Не выглядывал. Ждал. Летающие твари на земле медлительны. Если не подставляться самому, ящер скоро улетит. А сунется — получит в морду заряд плазмы. Вечером можно будет сделать нормальный ужин.
— Гот? — осведомился с другой стороны прогалины Зверь.
— Ну? — с подозрением откликнулся майор.
— Не стреляй.
— В кого?
— В меня.
— Покажись.
— Пошла наука впрок, — сварливо буркнул Зверь. — Я покажусь, а ты пальнешь с перепугу.

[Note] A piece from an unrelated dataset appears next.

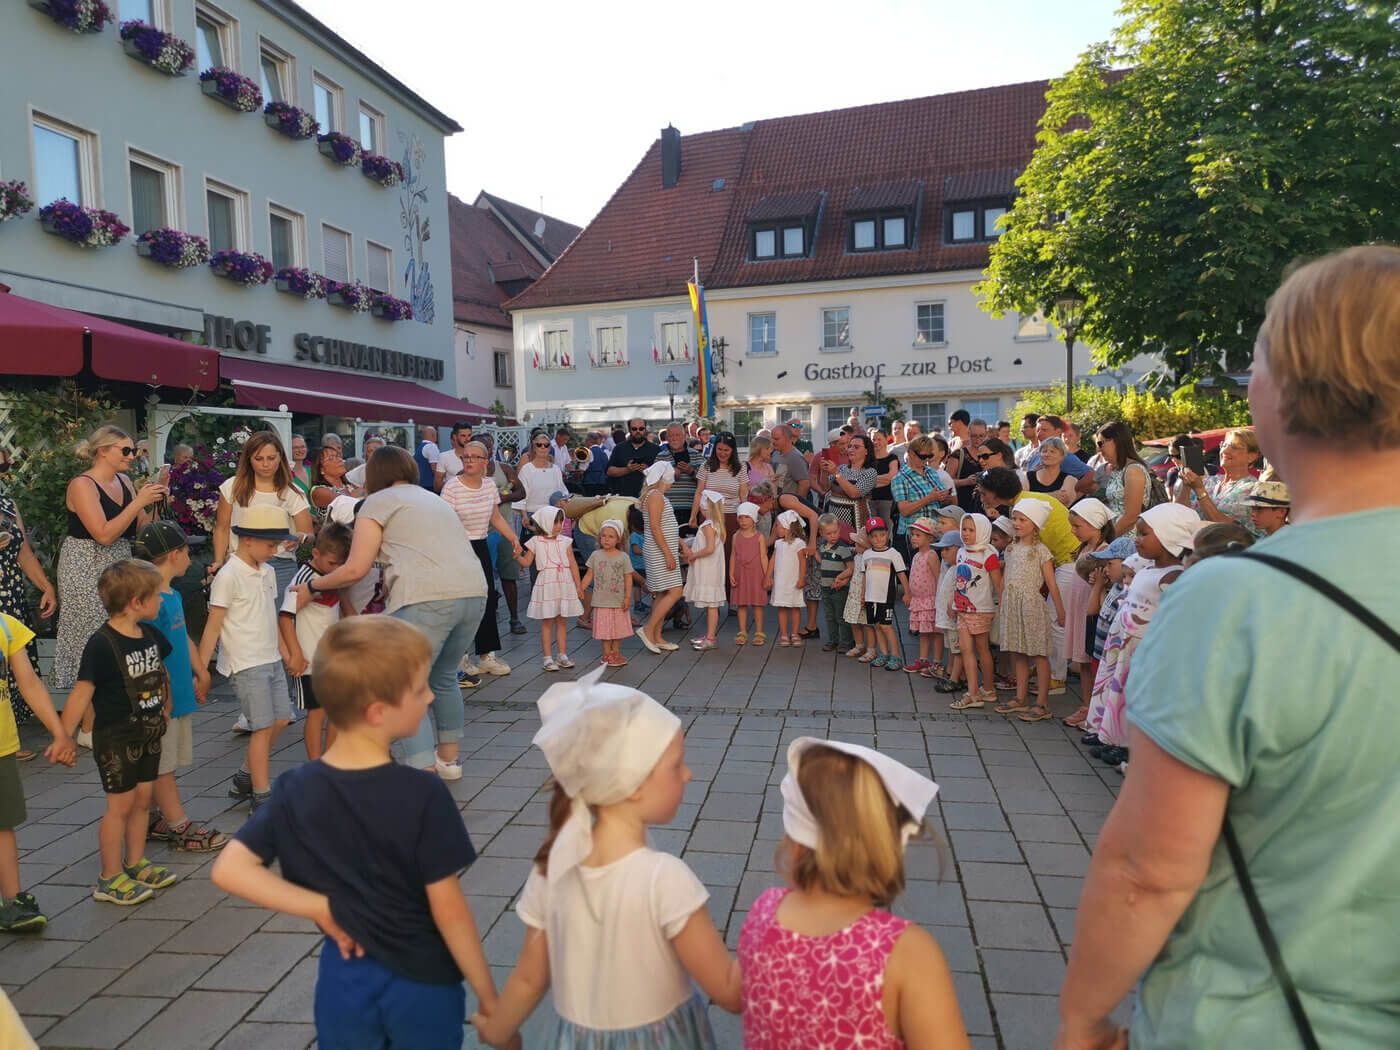 Zapfenstreich Ebermannstadt - Kinder mit weißen Hauben Zapfenstreich Ebermannstadt - Kinder mit weißen Hauben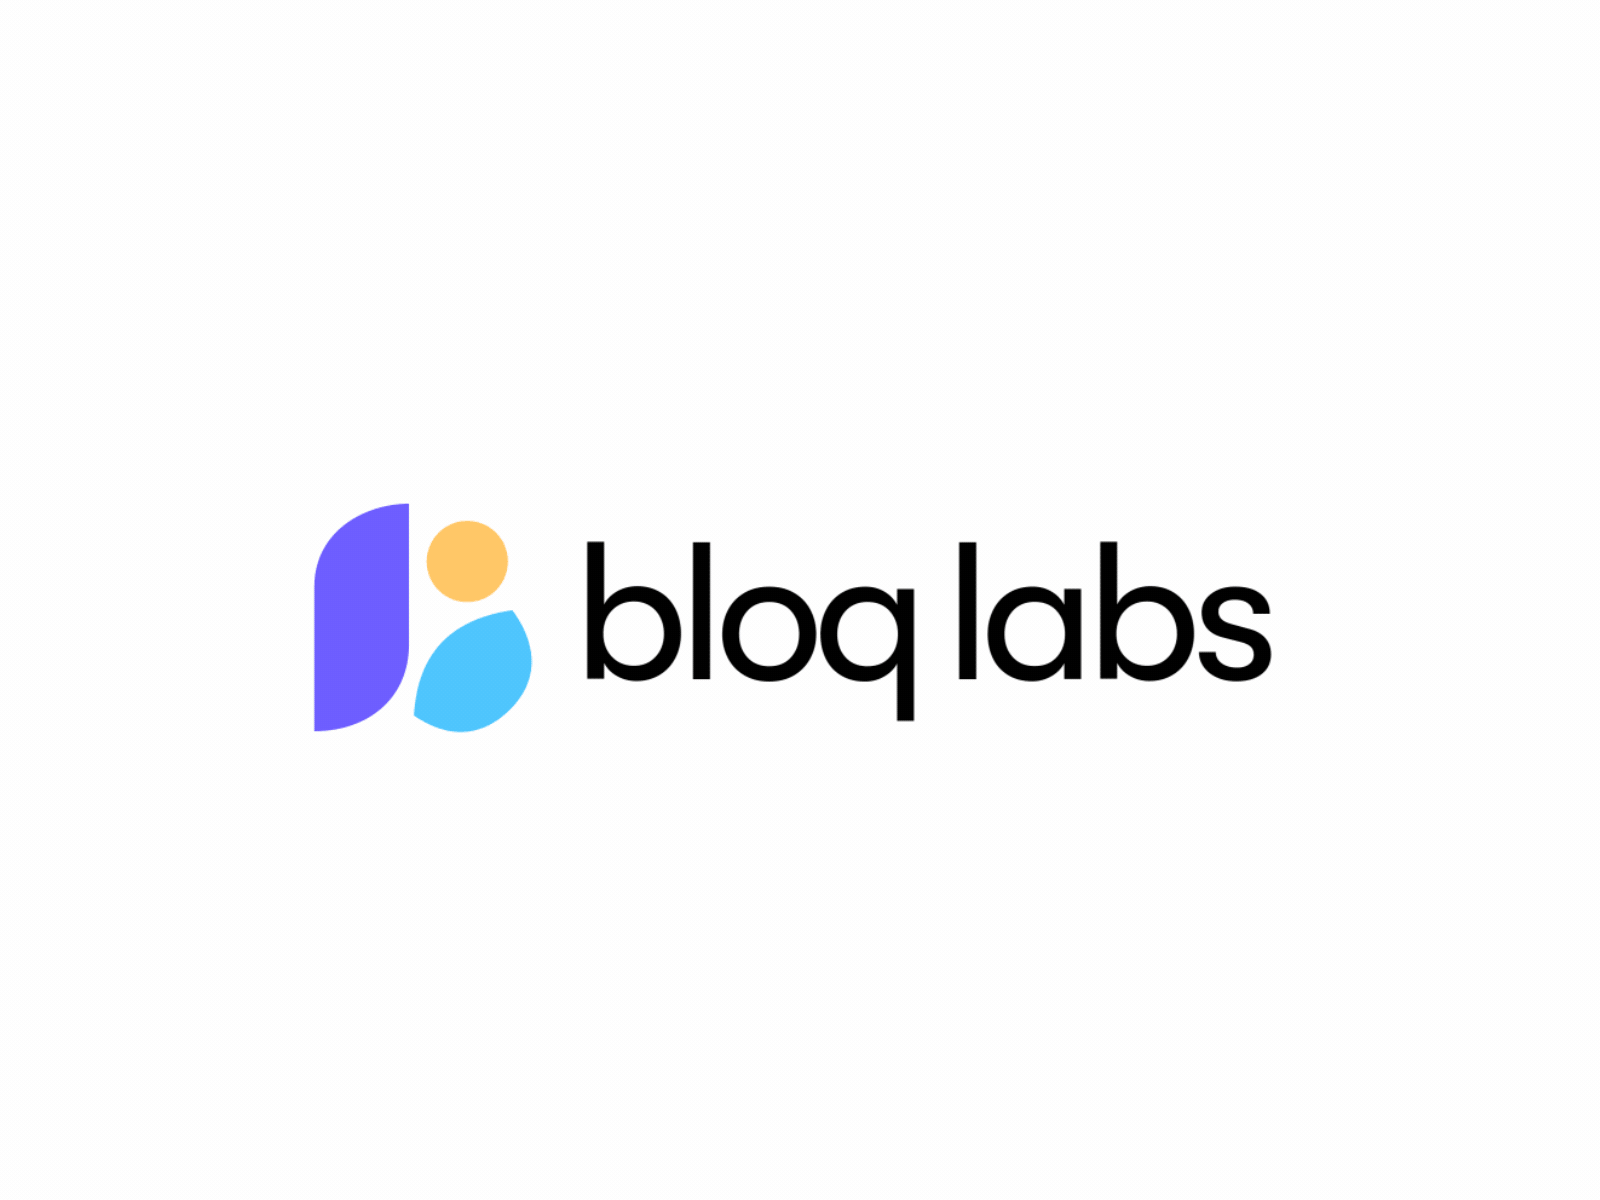 BloqLabs Logo animation animated logo animation branding branding animation circle logo logo animation lottie motion graphics motion logo ui

— А ты издалека покажись. Метров с тридцати.
— Ладно.
Показался. Зашел против солнышка, как в бою. Темный силуэт и волосы сияющим нимбом. Руки демонстративно подняты. Винтовка висит на плече. Если надо, успеет, конечно, рвануть и выстрелить. Реакция у него не хуже, чем у профессионального пилота. Но ему не надо.
— Вижу вас хорошо, — язвительно прокомментировал Гот. — Ты здесь зачем?
— А ты?
— Я первый спросил.
— Ну и что?
— Я командир. Доложите обстановку, сержант.
— Не дает мне покоя эта штука, — признался Зверь, кивая на блестящий корпус двигателя. — Он ведь на ходу, вполне себе в рабочем состоянии. Только вот куда его приспособить, ума не приложу.
— Почему ты думаешь, что он работает?
— Так он же… — Зверь запнулся. — Знаю, и все.
— Сержант!
— Слушай, майор, не домогайся! Тебе-то что здесь нужно?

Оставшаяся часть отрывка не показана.